The plot it produces looks like this: example of how my plot looks now

I want to be able to see all three points in groups C and D but I don't want to move the points in group B.

I don't want to introduce jitter - if the points don't overlap then I want them to stay centred and when they do overlap I want them to be evenly spaced.

Position_dodge works but applies to all categories rather than only when needed.

Using geom_dotplot gives the closest result but I don't want the values to be binned - the subtle differences in y values are important and the points need to be at their correct y positions.

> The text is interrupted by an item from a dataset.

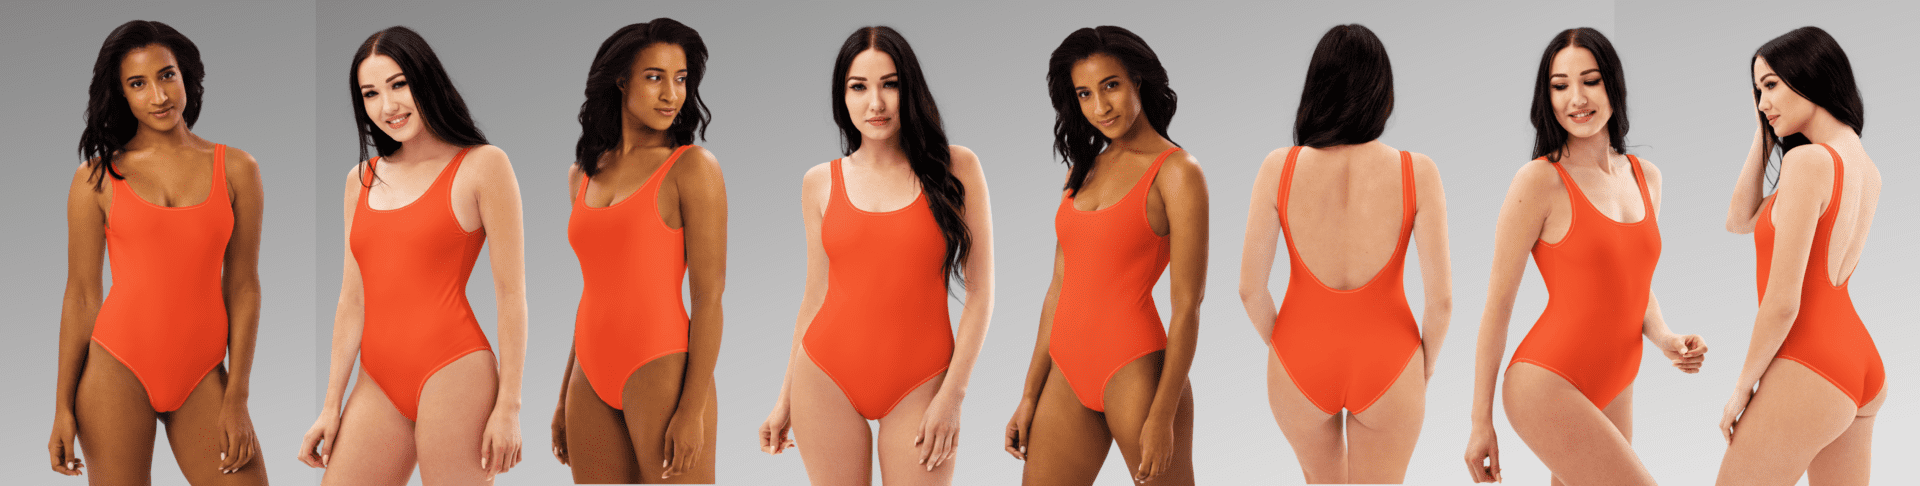 Seven women in orange swimsuits.

Is there any way to acheive this in R?

  • 1
    This might help; https://stackoverflow.com/questions/75275700/arrange-points-on-a-regular-grid-to-avoid-overplotting – Jon Spring Jul 19 '23 at 04:58

1 Answers1

6

One option is to use geom_dotplot() to get your desired outcome, e.g.

library(tidyverse)

A <- c(5.1, 5.2, 4.8)
B <- c(1.3, 2.8, 3.2)
C <- c(4.5, 4.5, 4.5)
D <- c(8.9, 7.6, 7.6)

example <- data.frame(A, B, C, D) %>%
  pivot_longer(c(A,B,C, D),
               names_to = "Type", 
               values_to = "Value", 
               cols_vary = "slowest")

ggplot(example, aes(x = Type, y = Value, fill = Type)) +
  stat_summary(fun = "mean", 
               colour = "black", 
               size = 0.3,
               width = 0.4,
               geom = "crossbar") +
  stat_summary(fun.data = mean_sdl, 
               fun.args = list(mult = 1), 
               geom = "errorbar",
               linewidth = 0.8,
               width = 0.3,
               colour = "black") +
  geom_dotplot(stackdir = "center", 
               binaxis = "y", 
               binwidth = .2,
               binpositions = "all",
               stackratio = 1.25,
               dotsize = 1.5)
#> Warning: Using `size` aesthetic for lines was deprecated in ggplot2 3.4.0.
#> ℹ Please use `linewidth` instead.
#> This warning is displayed once every 8 hours.
#> Call `lifecycle::last_lifecycle_warnings()` to see where this warning was
#> generated.

Created on 2023-07-19 with reprex v2.0.2


Another potential option (a more general solution) is to use geom_beeswarm() from the ggbeeswarm package, e.g.

library(tidyverse)
library(ggbeeswarm)

A <- c(5.1, 5.2, 4.8)
B <- c(1.3, 2.8, 3.2)
C <- c(4.5, 4.5, 4.5)
D <- c(8.9, 7.6, 7.6)

example <- data.frame(A, B, C, D) %>%
  pivot_longer(c(A,B,C, D),
               names_to = "Type", 
               values_to = "Value", 
               cols_vary = "slowest")

ggplot(example, aes(x = Type, y = Value, fill = Type)) +
  stat_summary(fun = "mean", 
               colour = "black", 
               size = 0.3,
               width = 0.4,
               geom = "crossbar") +
  stat_summary(fun.data = mean_sdl, 
               fun.args = list(mult = 1), 
               geom = "errorbar",
               linewidth = 0.8,
               width = 0.3,
               colour = "black") +
  geom_beeswarm(method = "centre",
                shape = 21,
                size = 4,
                cex = 4.5)
#> Warning: Using `size` aesthetic for lines was deprecated in ggplot2 3.4.0.
#> ℹ Please use `linewidth` instead.
#> This warning is displayed once every 8 hours.
#> Call `lifecycle::last_lifecycle_warnings()` to see where this warning was
#> generated.
#> Warning: In `position_beeswarm`, method `center` discretizes the data axis (a.k.a the
#> continuous or non-grouped axis).
#> This may result in changes to the position of the points along that axis,
#> proportional to the value of `cex`.
#> This warning is displayed once per session.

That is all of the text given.